Hard times we bring upon ourselves. Slowly, wilfully, over the centuries, things disappear, ownership takes all. Take the mythical Caledonian Forest. A canopy of blacky greens, flashed with broad red limbs, standing shoulder to shoulder through the glens, over the bealachs, climbing the mountain sides.

I was at the head of Glen Nevis, at the gorge car-park, having driven through a remnant of this forest, like a battlefield after the war, a few stragglers - twisted, wounded soldiers of gruesome witness and blooded limb. I was keen to go a step further into a 'lost corrie' cupped between the Ben Nevis and the arcing ridge of Aonach Beag (paradoxically higher than Aonach Mor by 13m).

Rarely visited and tucked away from the North Face crowds on The Ben and the skiers on the far side of Aonach Mor, this corrie translated as 'Corrie of the Pine Woods'. I climbed steeply up through the gap of the Bealach nan Cumhann (Pass of Lamenting!) and was stunned by the austere 'majesty' of the empty corrie, flanked by the pale schist crags of Aonach Beag and the watershed ridge on my left above Sloc nan Uan (the hollow of the lamb). A lone stag coloured suddenly as he ran into low sunlight across the valley floor and fled my fearsome stink into the shadows of the An Teanga boulders and crags on the tumbling lip of the corrie bowl.

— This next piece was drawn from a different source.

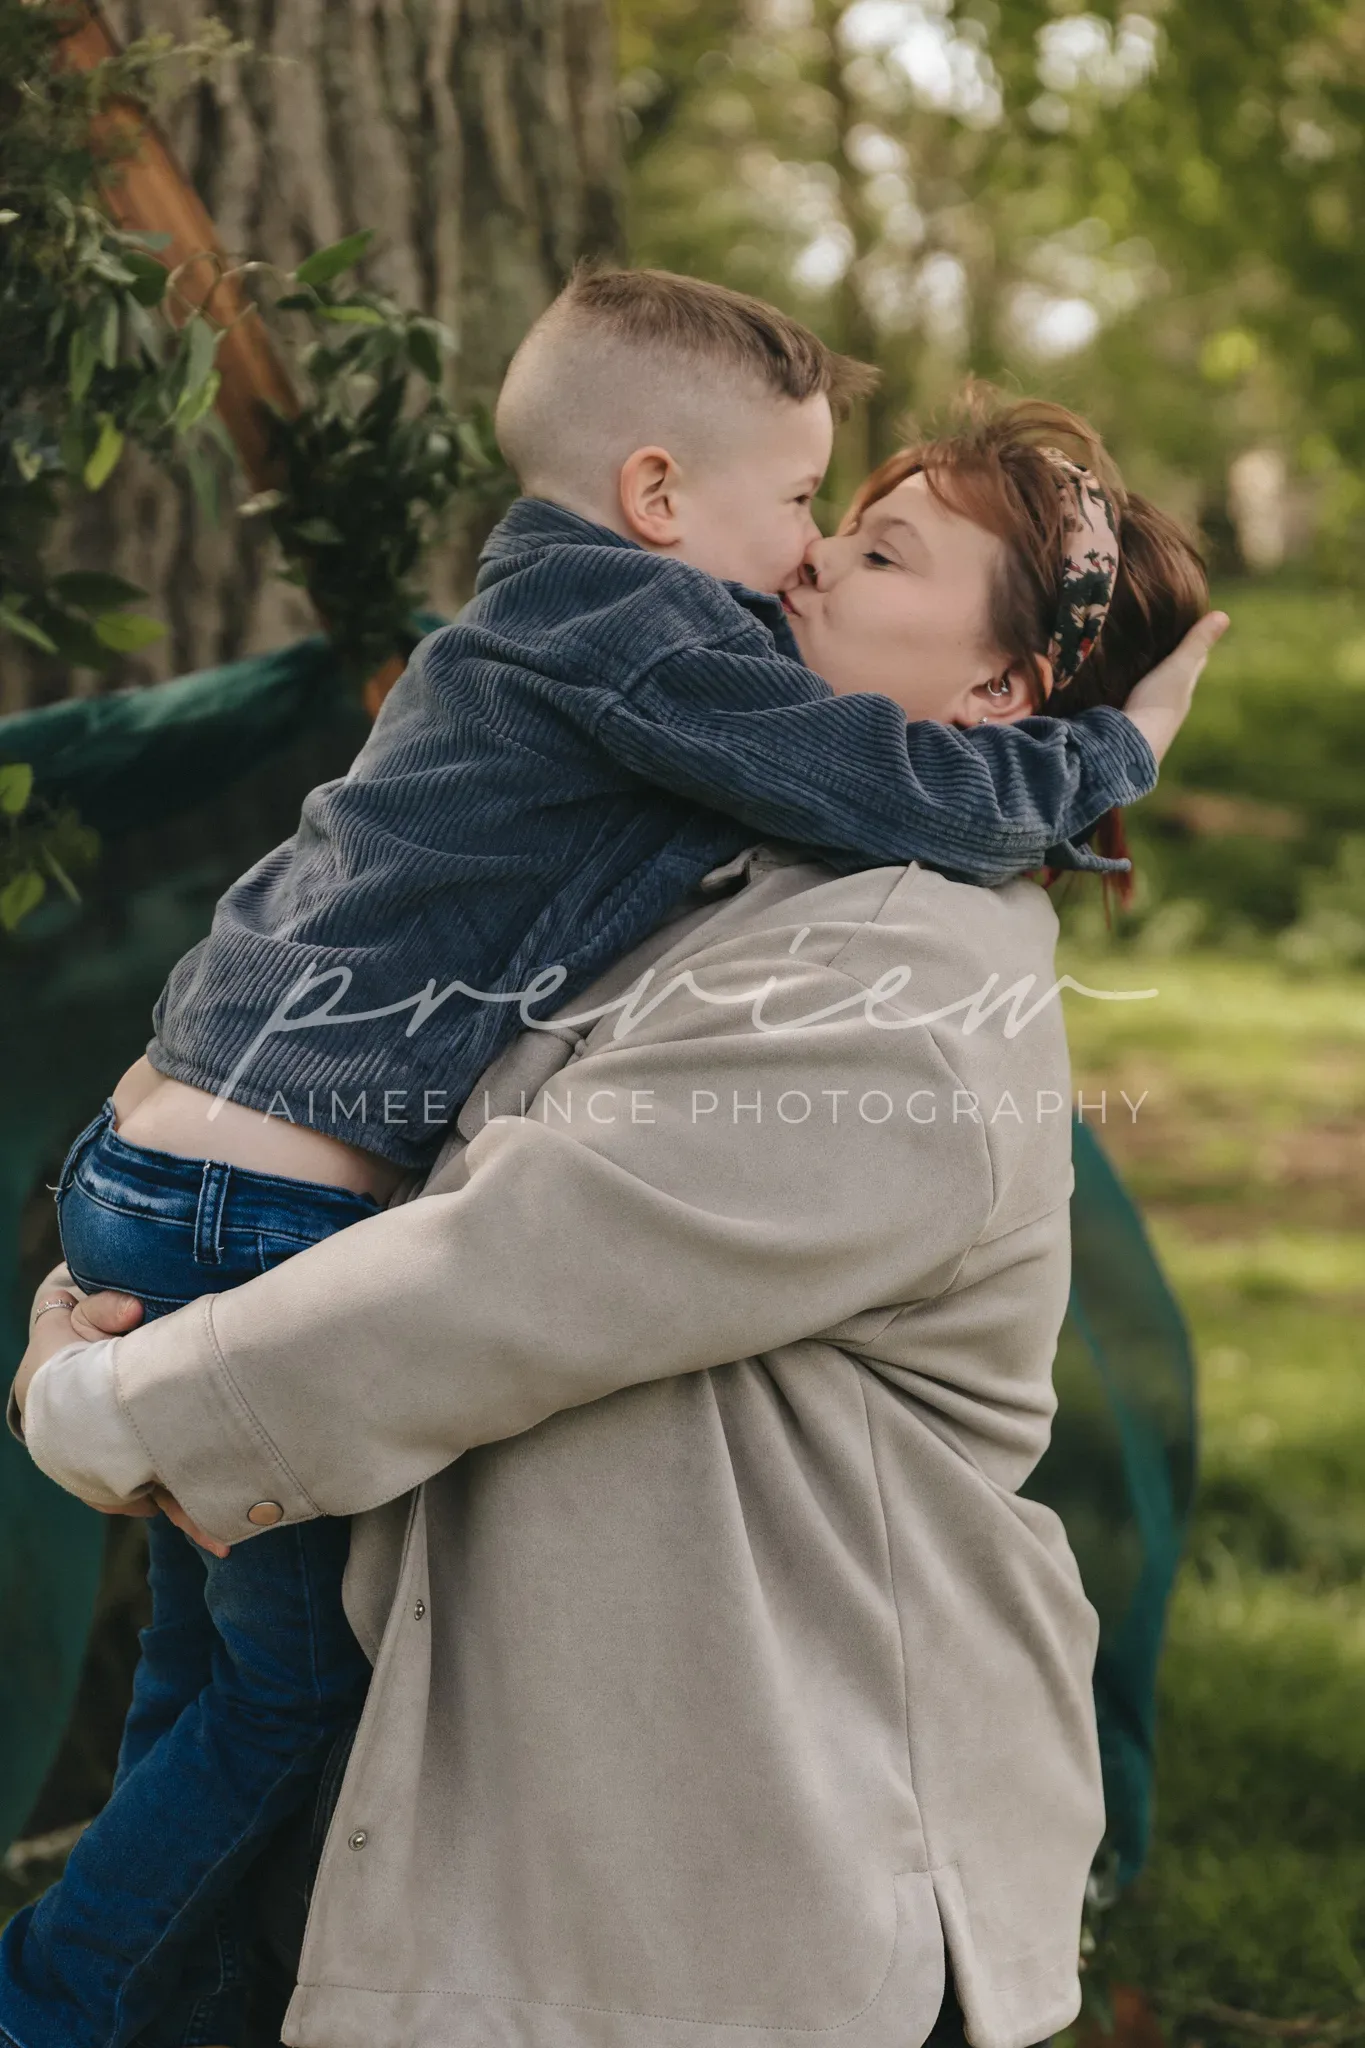 A young woman named Gabrielle, carrying a small boy in her arms, sharing a kiss on the lips in a lush park. Gabrielle's right arm encircles the boy's back, both showing

The corrie is a high hidden U-shaped valley, a textbook diagram from a geography schoolbook. Hidden behind the glaciated craggy lip of An Teanga (the tongues), I expected a few old Scots Pines, but not a tree was to be seen. The river meandered in languid pools between gravel beaches and reedy lawns, withering uphill into the Coire na h'Ursainn (the backing corrie), where an oddly named source stream was marked on the map as 'the river of the fringe'. The fringe of the forest, I took it; the mythical forest wherein deer might once have lazily grazed without the long human shadows from bealachs to scare them across vulnerable space.

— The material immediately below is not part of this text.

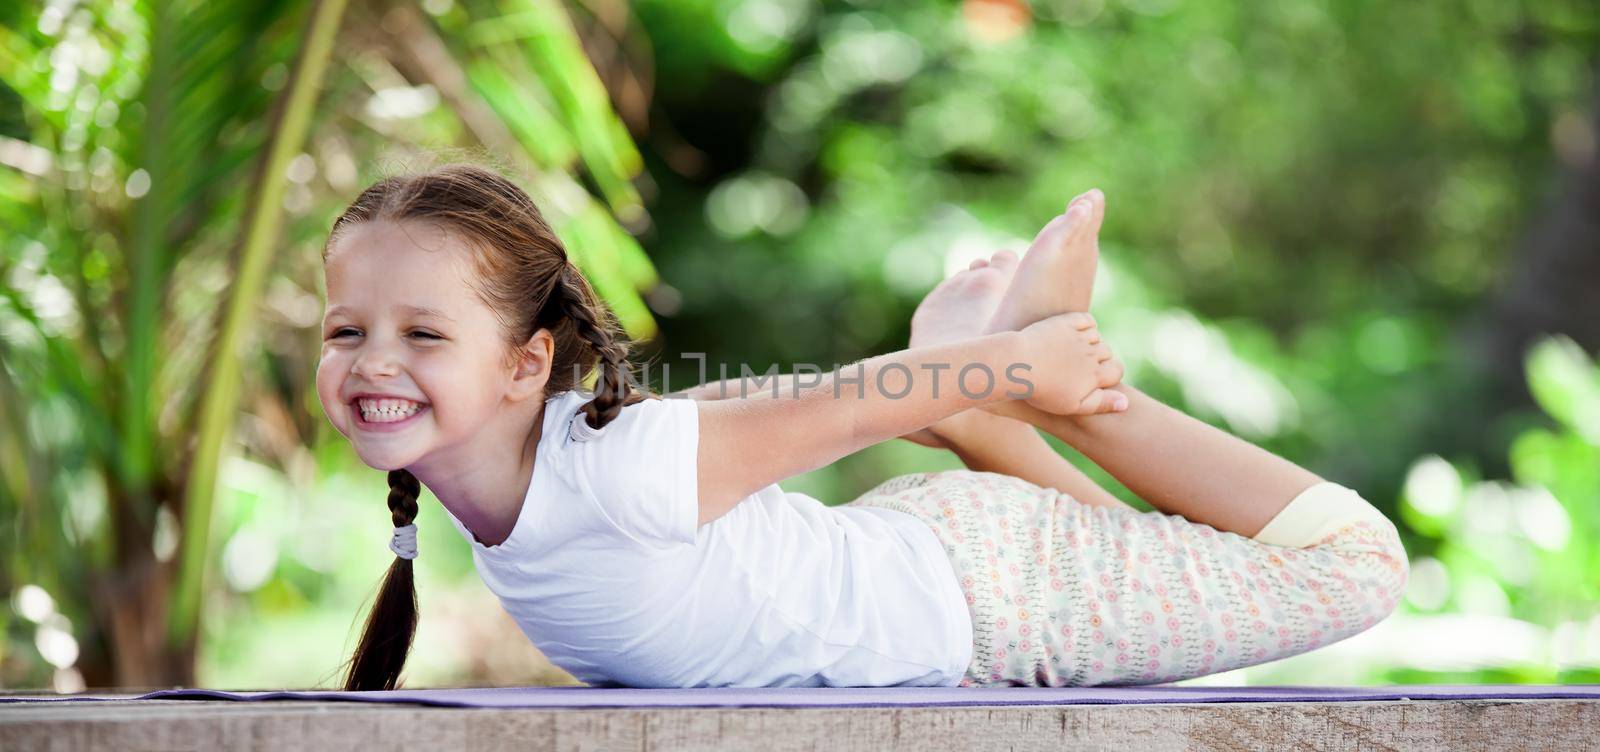 Child doing exercise on wooden platform outdoors. Healthy lifestyle. Yoga girl

But where had they gone? The Steall ruins at the bottom of the Allt na Coire Giubhsachan tell a tale of abandonment, of lost resource and wooded landscapes harvested of all hope. The high corrie bowls such as the Hollow of the Lamb and the Hollow of the Calfs face each other across a barren bog in a stripped world. It may suit modern tastes for 'barren wilderness', but it is overseen more aptly by the craggy hump of Meall Cumhann - the Hill of Lamenting.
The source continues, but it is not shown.